Born-digital archives workflow at a glance
- Archival material (born-digital or hybrid) is accessioned and stabilized:
- Files sent via network transfers or temporary media (e.g. USB drives, external hard drives) are packaged as tar files and stored in the Dark Archive as a "raw" copy of the accession data.
- Original physical media are disk imaged and disk images are stored in the Dark Archive as a "raw" copy of the accession data.
- Pre-processing triage and evaluation:
- Digital Archivist or Processing Archivist downloads AIPs containing raw data of all accessions to be processed.
- Digital Archivist or Processing Archivist extracts files from archive packages as necessary.
- Digital Archivist or Processing Archivist triages and evaluates content using tools like Brunnhilde and Disk Image Processor.
- A working "reference" copy of files can be moved onto network drives, where the files can be consulted from CAD workstations during processing.
- Processing Archivist develops proposed processing plan for accession(s).
- Digital Archivist, Processing Archivist, and potentially others (Archivist, Conservation, etc.) have consultation meeting to discuss processing plan.
- Arrangement and description:
- Processing Archivist conducts weeding, arrangement, and preservation actions and explores contents of files in Bitcurator and CAD workstations as needed.
- Processing Archivist uses tools like Folder Processor, SIP Creator, and/or Disk Image Processor to create processed SIPs from raw accession data and begin the file-level processing spreadsheet.
- Processing Archivist supplements and finishes file-level description in standard processing spreadsheet generated by Folder Processor or Disk Image Processor.
- Processing Archivist drafts fonds, series, and project-level descriptions in plain text files.
- Descriptions are reviewed with Digital Archivist and approved for entry into TMS.
- Processing Archivist copies and pastes descriptions from text files and processing spreadsheet into TMS and creates object packages of newly-processed materials.
- Processing Archivist creates Collection-level record (if not already present) in SCOPE.
- Processed SIPs are ingested into Archivematica:
- Final processed SIPs are copied to a watched folder on the main Archivematica processing pipeline server.
- Processing Archivist QAs ingest (automated fetching of descriptive metadata from TMS, normalization, etc.) and stores DIPs
- Digtial Archivist performs final QA check when all data from an accession is ingested
- "Raw" copy of accession data is deleted from Dark Archive unless there is sufficient reason to keep it
- Ongoing activities:
- Monitoring health of AIPs in Archivematica
- Restoring from backups as needed
- Access and supporting researchers' use of SCOPE
Layperson's primer on digital preservation at CCA
CCA takes a number of steps with all digital files in its Collection that help to ensure their ongoing accessibility for research use over time.

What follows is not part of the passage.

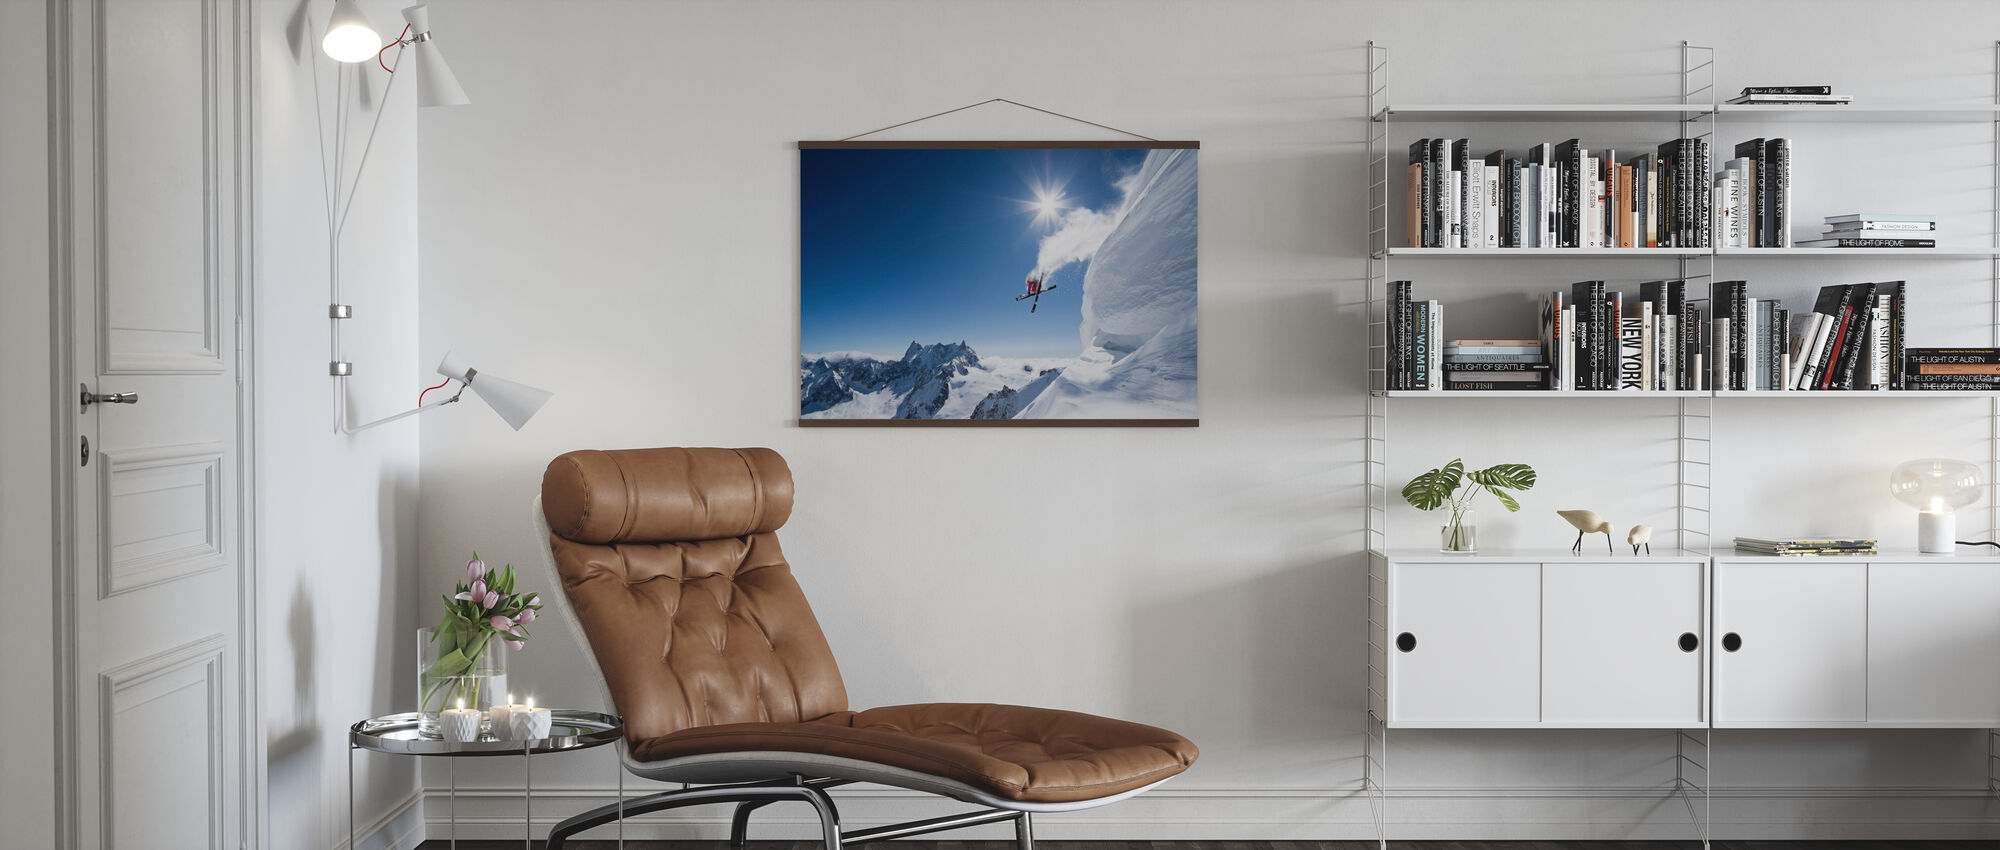 Extrem skidåkning - Poster - Vardagsrum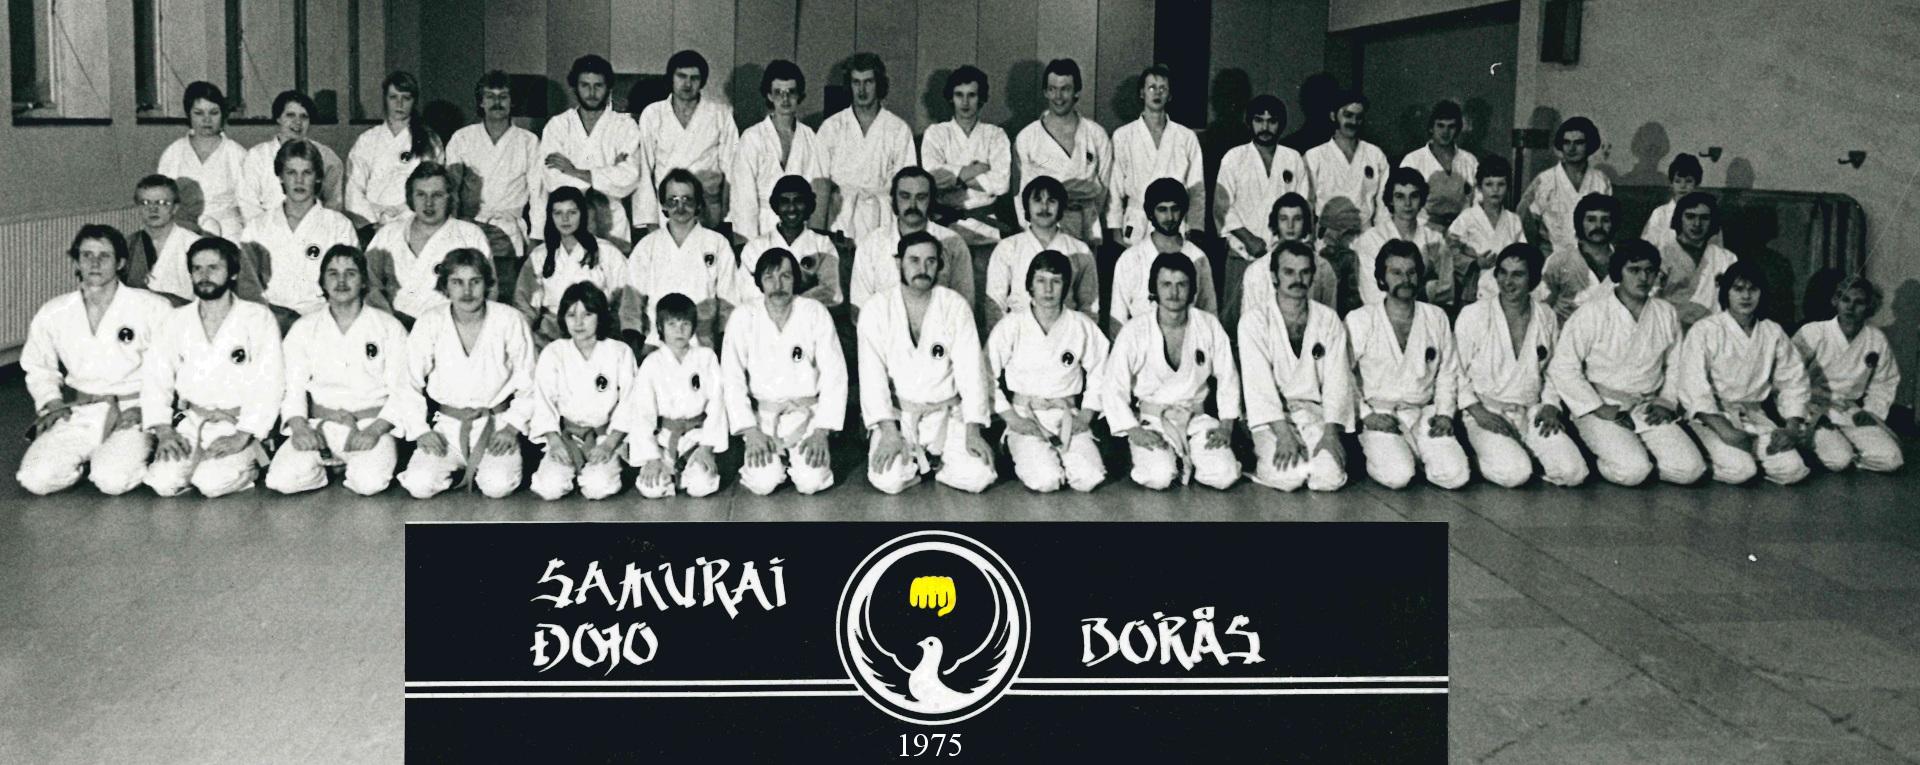 BKK-1975

All files in CCA digital archives are:
- Virus scanned;
- Precisely identified through automated comparison against international file format databases such as the UK National Archives PRONOM;
- Duplicated, when necessary and possible, in vendor-neutral and preservation-friendly file formats that are more likely to remain accessible as current software and hardware becomes obsolete;
- "Fingerprinted" through the use of cryptographic hashes (also known as checksums) and routinely audited to ensure their ongoing authenticity; and
- Stored and backed up in a redundant and geographically distributed system according to industry best practices.
All actions that take place on files once they are ingested into CCA's digital repository are documented through an implementation of the PREMIS (PREservation Metadata: Implementation Strategies) metadata standard.